The annual Heritage Festival of St. Andrew Orthodox Church offers Central Kentuckians an opportunity to sample a variety of ethnic dishes from Lebanon, Russia, Serbia and other Eastern European nations.
At this year's event, Sept. 28 and 29, visitors may try gibanica, a traditional pastry dish from Serbia that is popular all over the Balkans. It's made with eggs, cream cheese, cottage cheese and sour cream, layered in phyllo dough.
"This is a traditional Serbian dish served on feast days following a fasting season. It can be used as a main course, side dish or dessert. We started making this a couple of years ago and we keep running out," Jeanette Gallaway said.
The festival is noon to 8 p.m. Sept. 28 and noon to 5 p.m. Sept. 29 at the church, 1136 Higbee Mill Road. Entertainment includes Middle Eastern and Slavic folk dance by performers in native costume, and concerts of Byzantine and Slavonic liturgical music. Call (859) 223-5091 or (859) 277-1763.
Here is Gallaway's recipe for gibanica.
5 large eggs
¼ cup sugar
2 tablespoons vegetable oil
12 ounces sour cream
8 ounces cream cheese, room temperature
16 ounces small curd cottage cheese
1 teaspoon salt, optional
1 pound phyllo dough
In a large bowl, using a hand mixer, cream eggs, sugar and oil until smooth. Add sour cream and cream cheese, and mix until smooth.
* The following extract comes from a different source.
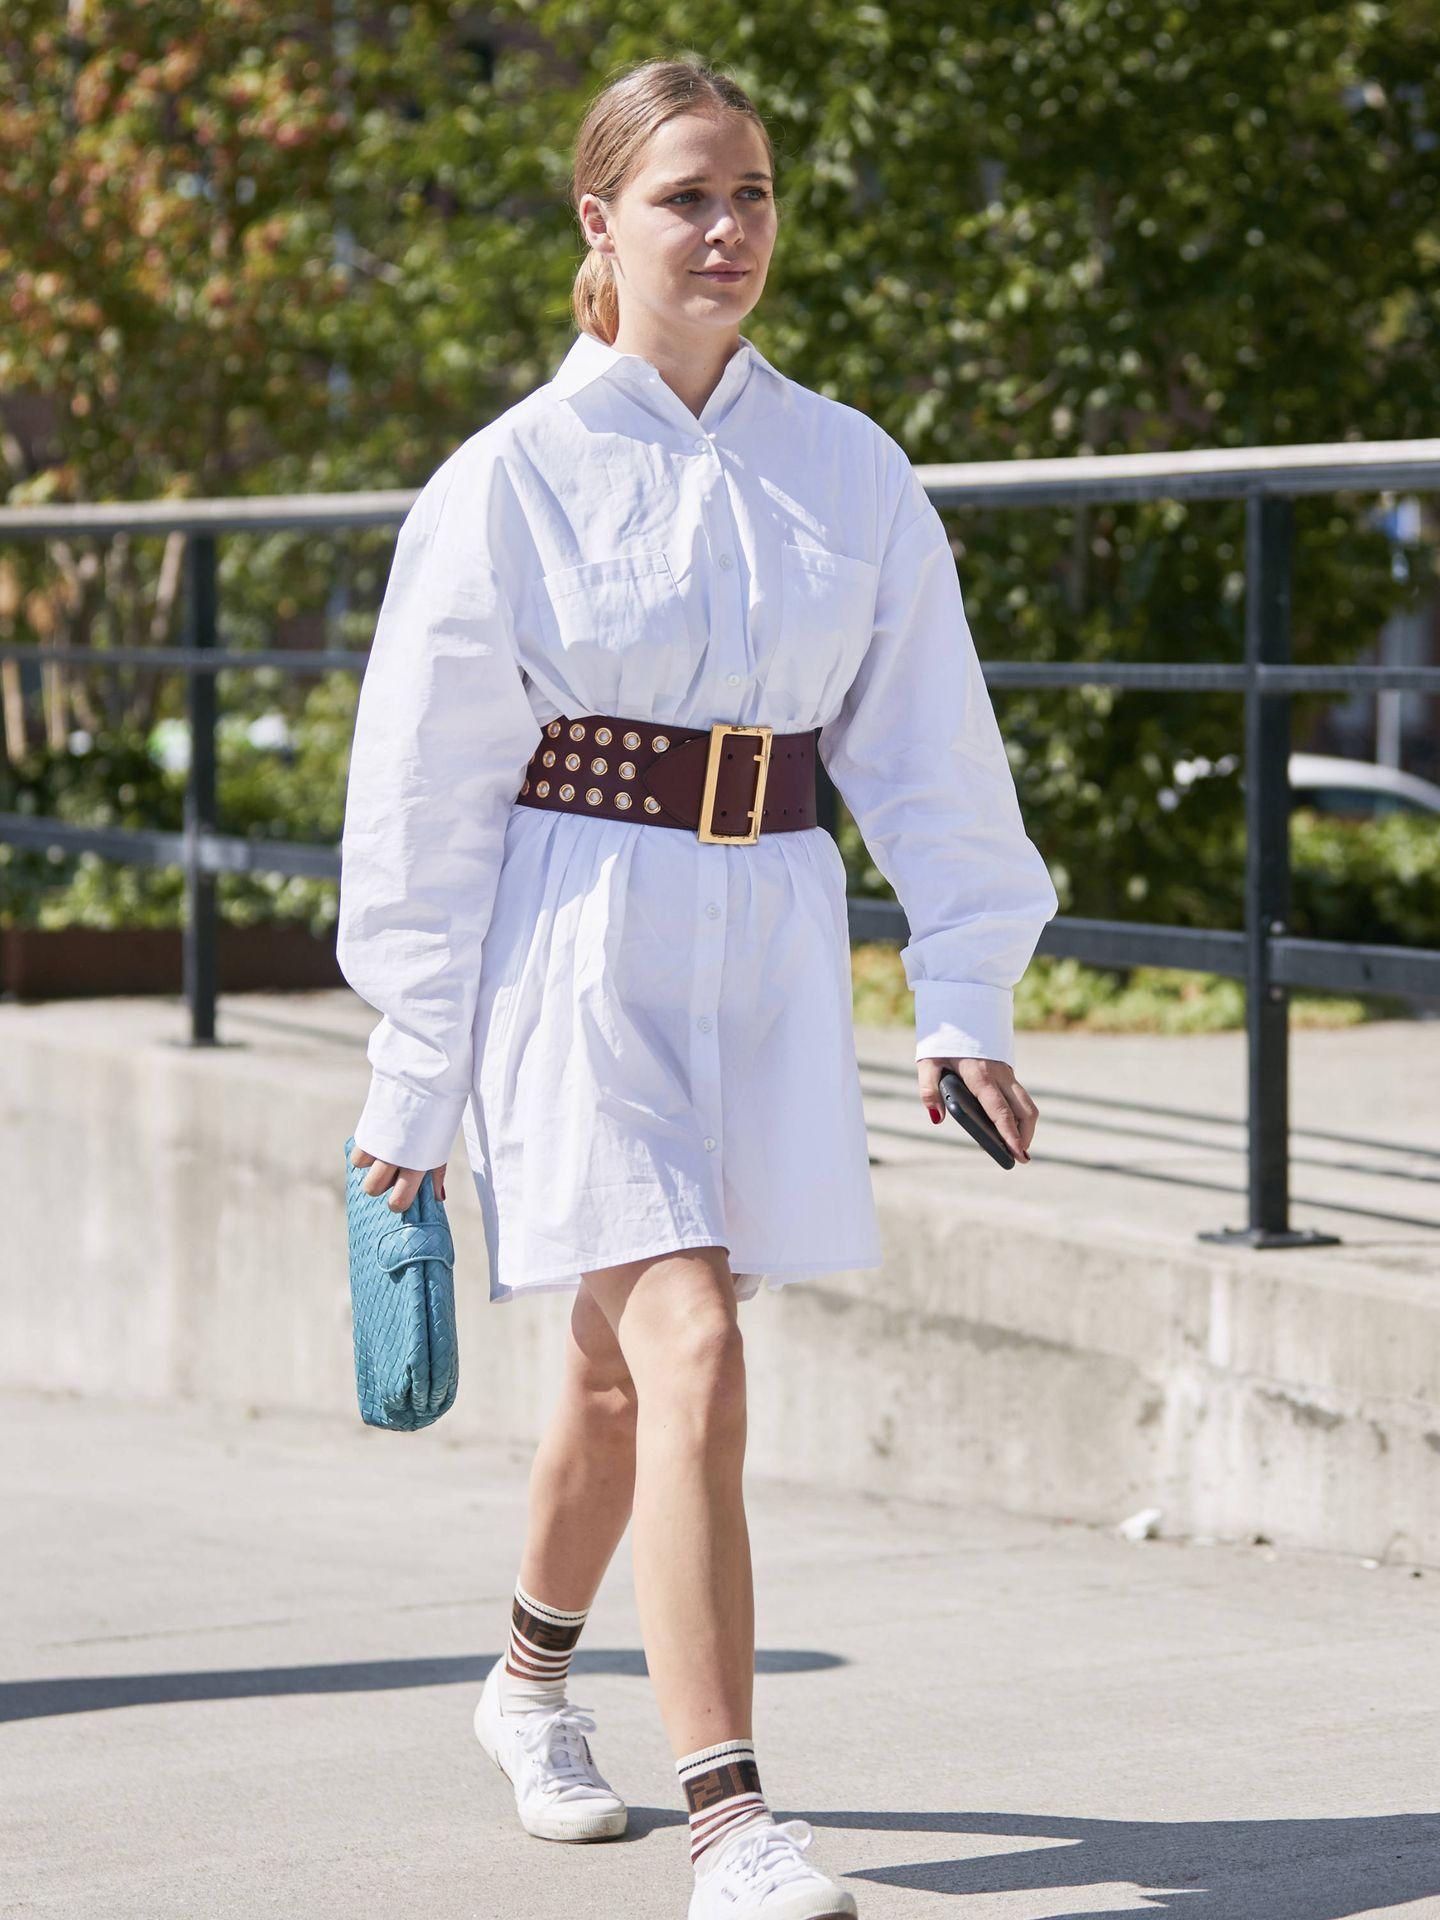 Otro look con vestido y zapatillas. (Imaxtree)

Add cottage cheese and mix with a spoon.
Preheat oven to 350 degrees. Brush bottom of a 9- by 13-inch baking dish with oil. Place 10 pieces of phyllo dough on bottom of pan. Brush with vegetable oil between each layer. Layer the mixture with the phyllo dough, placing 1 to 2 cups of mixture between 4 layers of phyllo dough. Place remainder of phyllo dough on top. Oil top layer of dough and bake for 1 hour, or until golden brown. Let stand 20 minutes before cutting. (This dish may be prepared the day before and placed in the refrigerator, uncooked, and baked when needed. It may be prepared, then frozen and placed in the oven and baked.